> **Information**:

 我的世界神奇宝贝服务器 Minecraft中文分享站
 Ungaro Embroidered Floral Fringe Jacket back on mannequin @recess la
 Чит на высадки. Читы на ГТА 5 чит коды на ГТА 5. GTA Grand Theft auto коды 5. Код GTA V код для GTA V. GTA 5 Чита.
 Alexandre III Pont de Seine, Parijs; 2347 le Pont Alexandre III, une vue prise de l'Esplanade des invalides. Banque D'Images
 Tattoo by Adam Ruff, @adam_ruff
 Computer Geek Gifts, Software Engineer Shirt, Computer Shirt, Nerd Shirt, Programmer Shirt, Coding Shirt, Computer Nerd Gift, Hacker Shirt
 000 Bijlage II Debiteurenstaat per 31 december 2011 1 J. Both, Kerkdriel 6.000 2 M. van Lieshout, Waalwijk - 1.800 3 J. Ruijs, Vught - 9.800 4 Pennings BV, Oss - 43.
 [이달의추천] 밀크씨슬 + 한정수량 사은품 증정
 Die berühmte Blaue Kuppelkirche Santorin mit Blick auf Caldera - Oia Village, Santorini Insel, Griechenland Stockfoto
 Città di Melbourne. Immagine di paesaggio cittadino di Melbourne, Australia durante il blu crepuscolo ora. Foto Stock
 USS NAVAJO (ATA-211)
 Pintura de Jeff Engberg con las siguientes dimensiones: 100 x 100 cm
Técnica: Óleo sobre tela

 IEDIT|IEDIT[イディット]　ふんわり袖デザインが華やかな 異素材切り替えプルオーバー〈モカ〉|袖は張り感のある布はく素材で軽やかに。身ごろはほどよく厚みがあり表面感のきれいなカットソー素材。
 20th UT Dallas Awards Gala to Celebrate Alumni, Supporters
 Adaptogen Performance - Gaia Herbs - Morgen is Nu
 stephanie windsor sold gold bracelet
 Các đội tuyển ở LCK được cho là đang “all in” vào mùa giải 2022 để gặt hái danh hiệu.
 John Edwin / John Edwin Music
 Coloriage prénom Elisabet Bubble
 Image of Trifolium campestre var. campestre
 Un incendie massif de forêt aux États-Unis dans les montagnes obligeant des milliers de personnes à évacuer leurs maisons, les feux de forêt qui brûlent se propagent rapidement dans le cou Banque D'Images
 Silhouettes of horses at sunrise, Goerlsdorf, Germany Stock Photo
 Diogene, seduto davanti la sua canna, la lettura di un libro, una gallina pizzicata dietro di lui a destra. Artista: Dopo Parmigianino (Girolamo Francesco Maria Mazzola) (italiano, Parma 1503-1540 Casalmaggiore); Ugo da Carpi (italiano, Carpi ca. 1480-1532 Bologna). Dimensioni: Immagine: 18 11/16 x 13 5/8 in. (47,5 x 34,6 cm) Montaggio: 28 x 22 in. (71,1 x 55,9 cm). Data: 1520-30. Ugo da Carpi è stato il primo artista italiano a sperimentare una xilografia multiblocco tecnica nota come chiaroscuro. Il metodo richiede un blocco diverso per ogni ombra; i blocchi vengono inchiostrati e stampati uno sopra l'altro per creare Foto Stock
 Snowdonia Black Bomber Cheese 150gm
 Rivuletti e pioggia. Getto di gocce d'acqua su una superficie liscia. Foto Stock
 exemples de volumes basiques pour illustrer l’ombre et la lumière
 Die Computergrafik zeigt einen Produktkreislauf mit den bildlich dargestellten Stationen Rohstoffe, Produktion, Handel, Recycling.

> **What is expected**:
Output only an exact transcription of the lines above from the one with "IEDIT|IEDIT[イデ" up to and including the one with "Image of Trifolium campestre var. campestre".

> **Output for this exercise**:
 IEDIT|IEDIT[イディット]　ふんわり袖デザインが華やかな 異素材切り替えプルオーバー〈モカ〉|袖は張り感のある布はく素材で軽やかに。身ごろはほどよく厚みがあり表面感のきれいなカットソー素材。
 20th UT Dallas Awards Gala to Celebrate Alumni, Supporters
 Adaptogen Performance - Gaia Herbs - Morgen is Nu
 stephanie windsor sold gold bracelet
 Các đội tuyển ở LCK được cho là đang “all in” vào mùa giải 2022 để gặt hái danh hiệu.
 John Edwin / John Edwin Music
 Coloriage prénom Elisabet Bubble
 Image of Trifolium campestre var. campestre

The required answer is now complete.